Below is a set of records. Repeat them verbatim without the pictures.

(Exercise inputs)

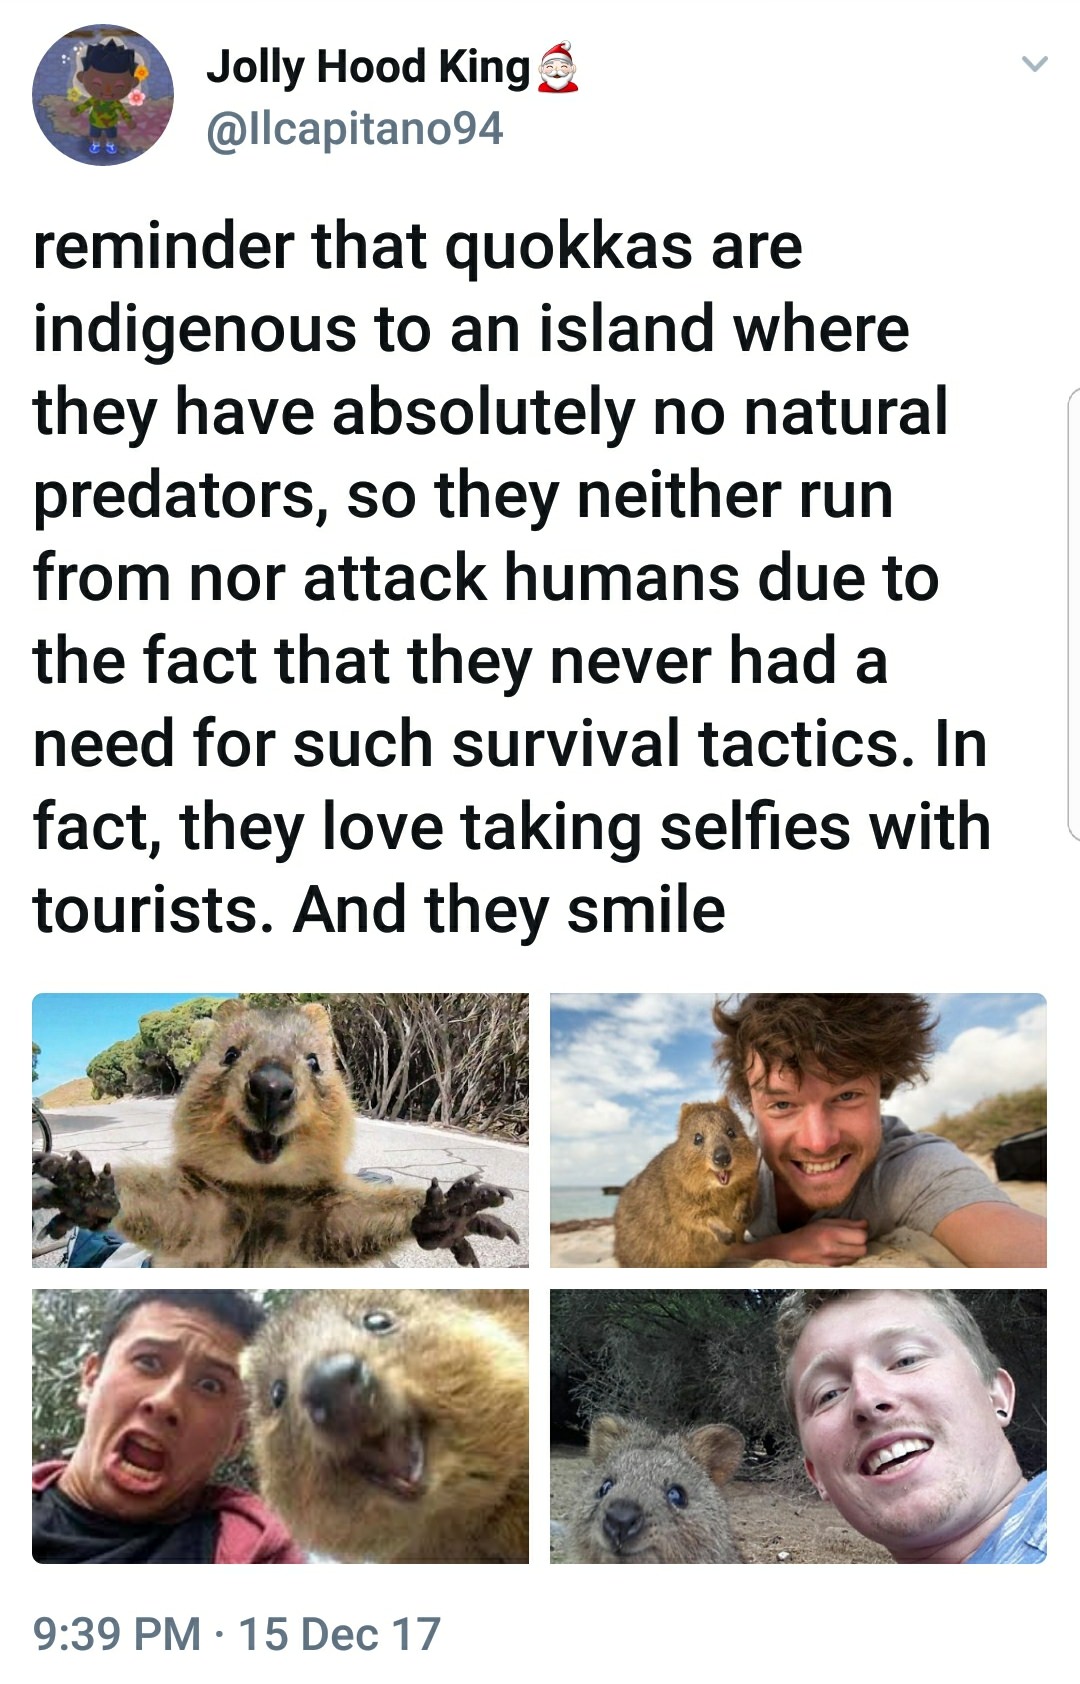 animal on island with no predators - Jolly Hood King 3 reminder that quokkas are indigenous to an island where they have absolutely no natural predators, so they neither run from nor attack humans due to the fact that they never had a need for such surviv
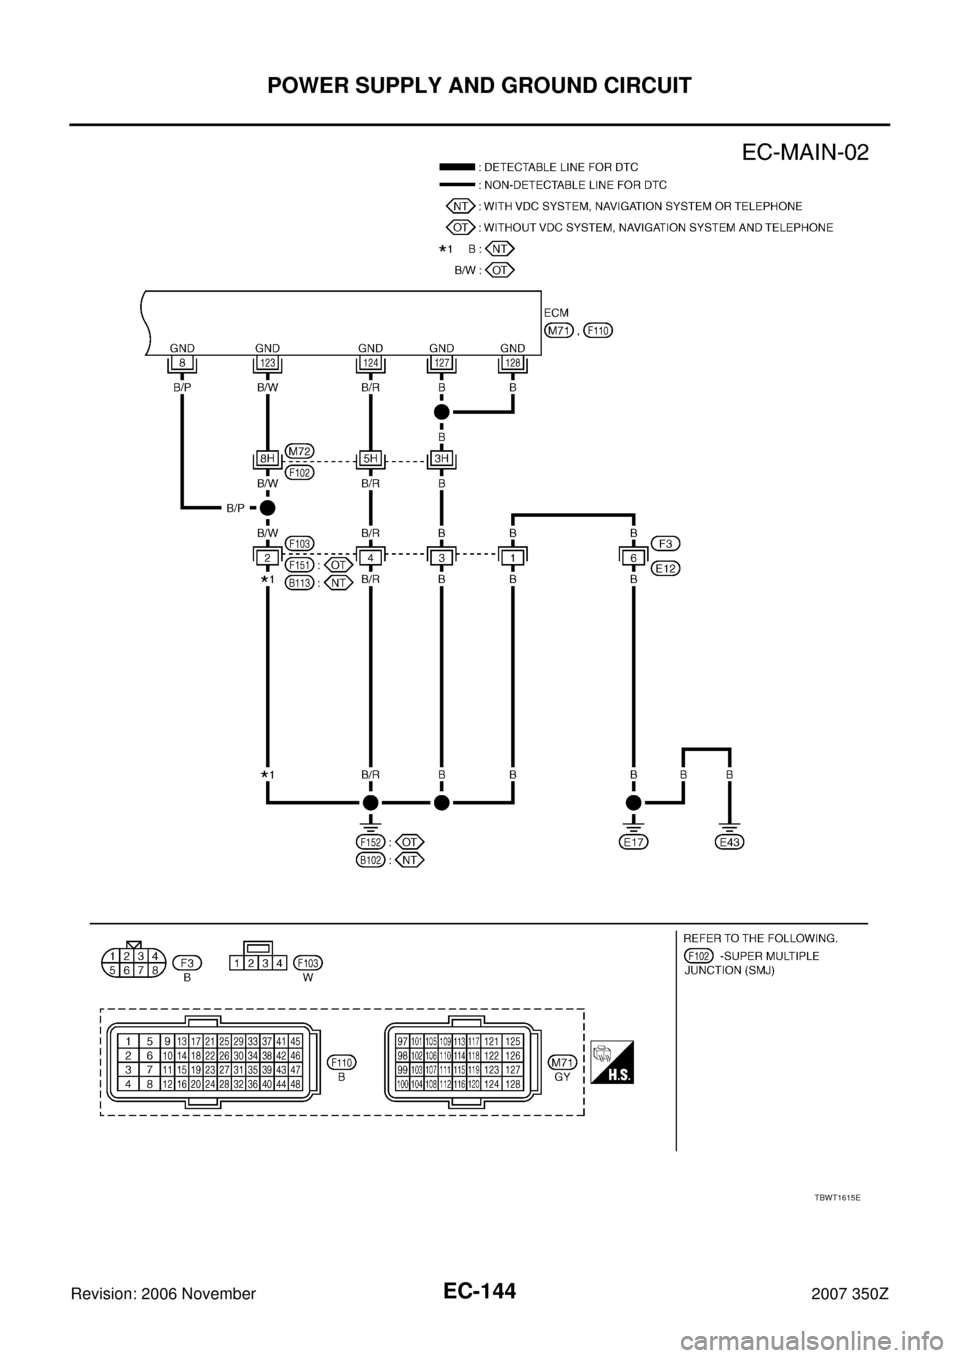 NISSAN 350Z 2007 Z33 Engine Control Workshop Manual EC-144
POWER SUPPLY AND GROUND CIRCUIT
Revision: 2006 November2007 350Z
TBWT1615E

(End Exercise inputs)

(Response area)
 animal on island with no predators - Jolly Hood King 3 reminder that quokkas are indigenous to an island where they have absolutely no natural predators, so they neither run from nor attack humans due to the fact that they never had a need for such surviv
 NISSAN 350Z 2007 Z33 Engine Control Workshop Manual EC-144
POWER SUPPLY AND GROUND CIRCUIT
Revision: 2006 November2007 350Z
TBWT1615E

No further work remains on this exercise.